Nate shifted his position on the bench, feeling uncomfortably as if she did have reason to be mad at him, though he couldn’t say what it was precisely. He knew he’d hurt her, yet he felt bound by twenty-first-century chivalry to pretend he didn’t know it, lest he seem presumptuous or arrogant.

“You know I think you’re great,” he said.

She merely raised her eyebrows. He felt the triteness of his words.

“The thing that bothers me,” she said after a moment, “is that in the beginning,
my god
, you couldn’t have been more into it. But since then …” She turned to face him. “
Why?
Why did you start this if you didn’t care enough to try and make it work?”

Nate tried not to sigh.
Start this?
Obviously, they’d both had a hand in starting it.

“I did try.”


Really?
Did you ever spend three seconds thinking about what the problem was and whether there was anything you could do to make it better? It was like you had nothing at stake, like you were a passive bystander.”

Nate wished he didn’t have to have to listen to this. He felt he’d heard it, or some variant of it, a billion times.

“And you always had your book,” Hannah continued. “Whatever happened between us was not going to affect you much one way or the other because the most important thing for you is that your book is coming out. It’s hard to compete.”

“Are you saying that’s a bad thing? Caring about my book?”

“I—no! Of course not. There was a power imbalance, that’s all I meant. It wasn’t fun being on the wrong side of that.”

Nate wondered if it would be patronizing to suggest that she might be better off if she cared about her book more. It could be difficult to stay motivated sometimes—he knew that—especially when you were unhappy. But he also knew that you had to push through. He had. He had written his book even on days when it was the last thing he felt like doing.

He decided it would be better not to say this.

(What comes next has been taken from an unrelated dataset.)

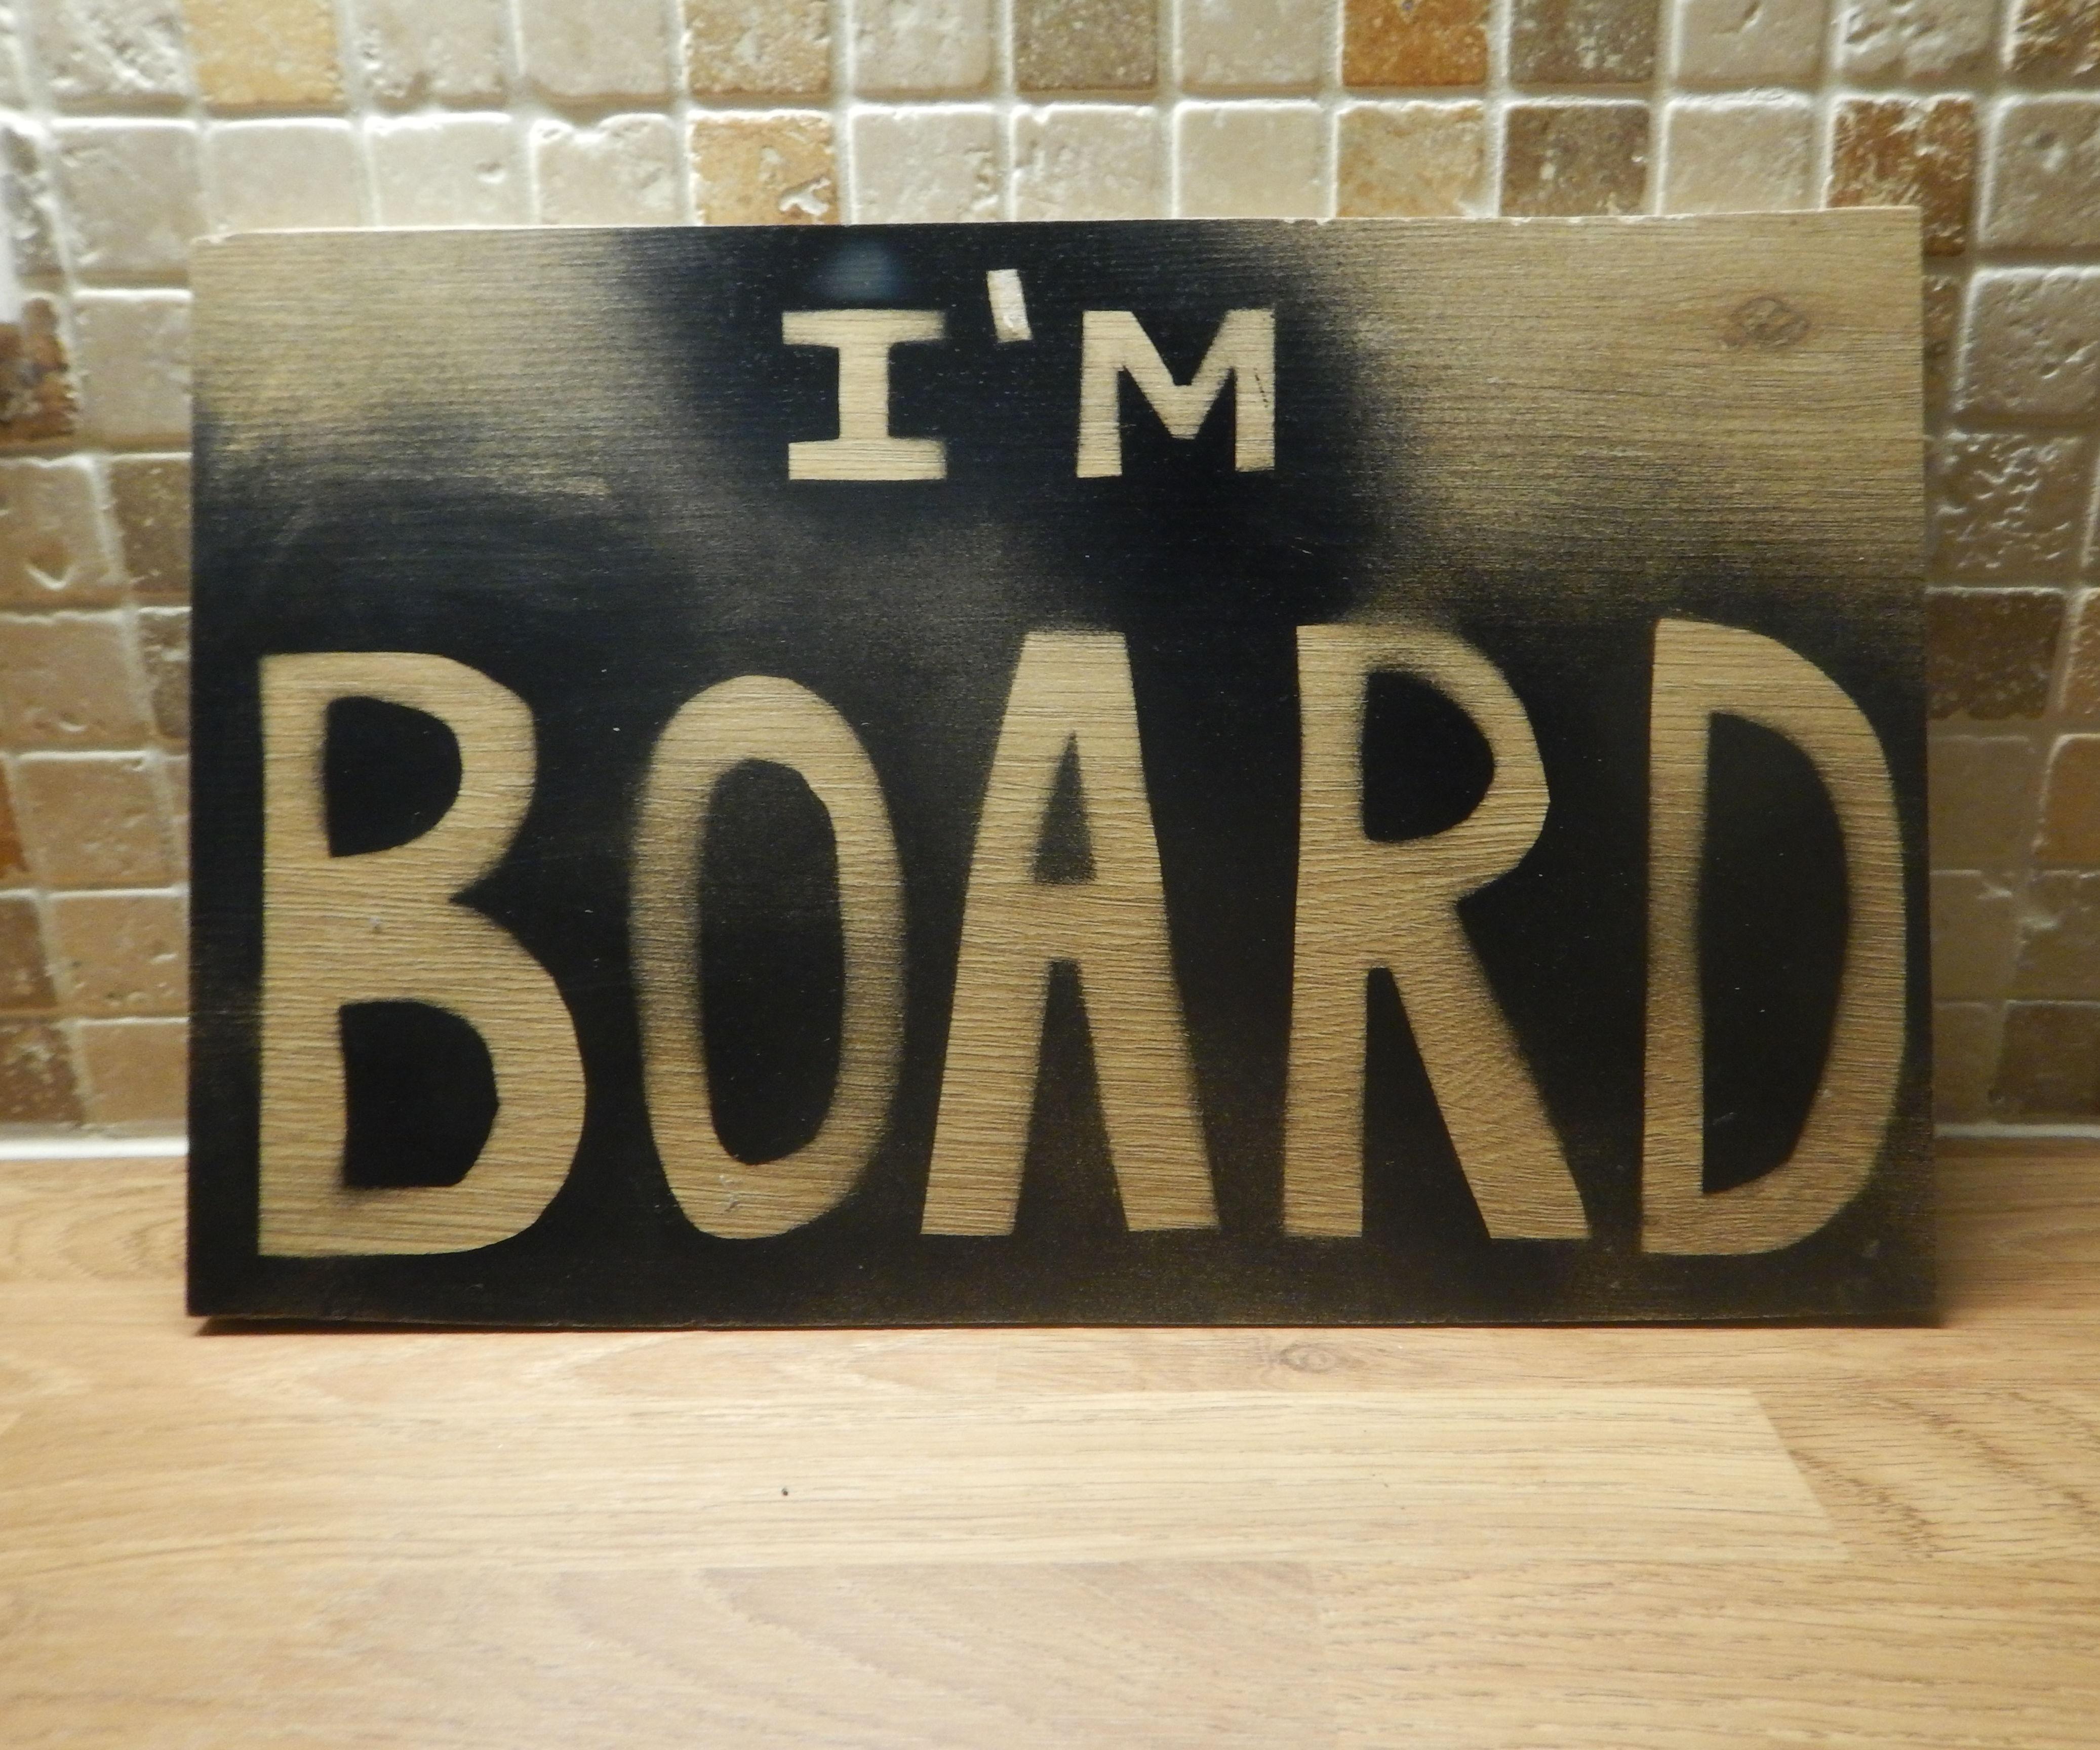 I'm Board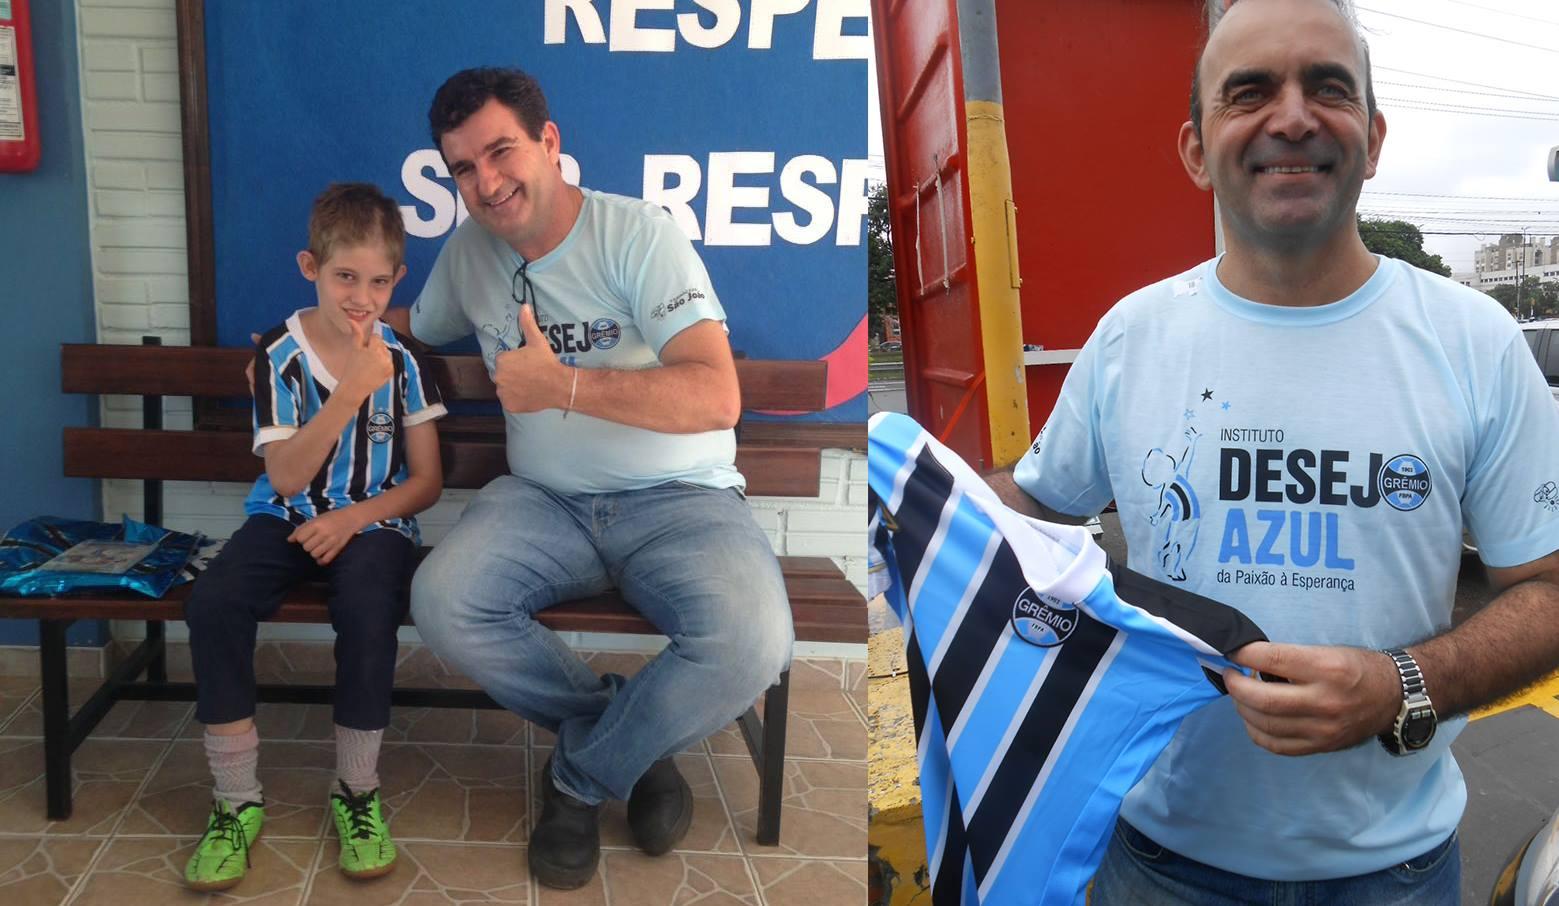 Vinicius faz acompanhamento na APAE de Encantado. Este tricolor estava muito feliz pois além do Grêmio ter se sagrado campeão gaúcho dias atrás ele recebeu a camiseta oficial do Rei de Copas. A ação contou com a participação dos voluntários Daniel Gianezini ( Encantado ) e Alexis Efremides ( Porto Alegre).

He stared through the bald trees to the stalls of the farmer’s market that assembled at the park each week. On this gray day, it looked like the threadbare marketplace of some bleak eastern European village. He could smell the diesel from the row of
idling trucks that transported produce and workers from upstate. It reminded him of dreary Sunday afternoons as a child, driving back with his parents from visits to his cousins in New Jersey or to the houses of his parents’ Romanian friends in the D.C. suburbs, of looking out the car window at drab, shabby landscapes and being crushed by a sadness caused at once by everything and nothing—a general sense of life as a bleak, lonely, rather hopeless affair.

He thought of his immediate future, of being single. He remembered the night he and Mark had hit on Cara, the feeling of dullness that had come over him when he had contemplated his single life, the incessant, relentless flirting, its underside of loneliness and cynicism.

“Sometimes I think I’ve lost something,” he said to Hannah. “Some capacity to be with another person, something I used to have.” He laughed mirthlessly. “I feel pretty fucked, to tell the truth.”

Hannah looked incredulous. “I don’t know what to say to that. What am I supposed to say?”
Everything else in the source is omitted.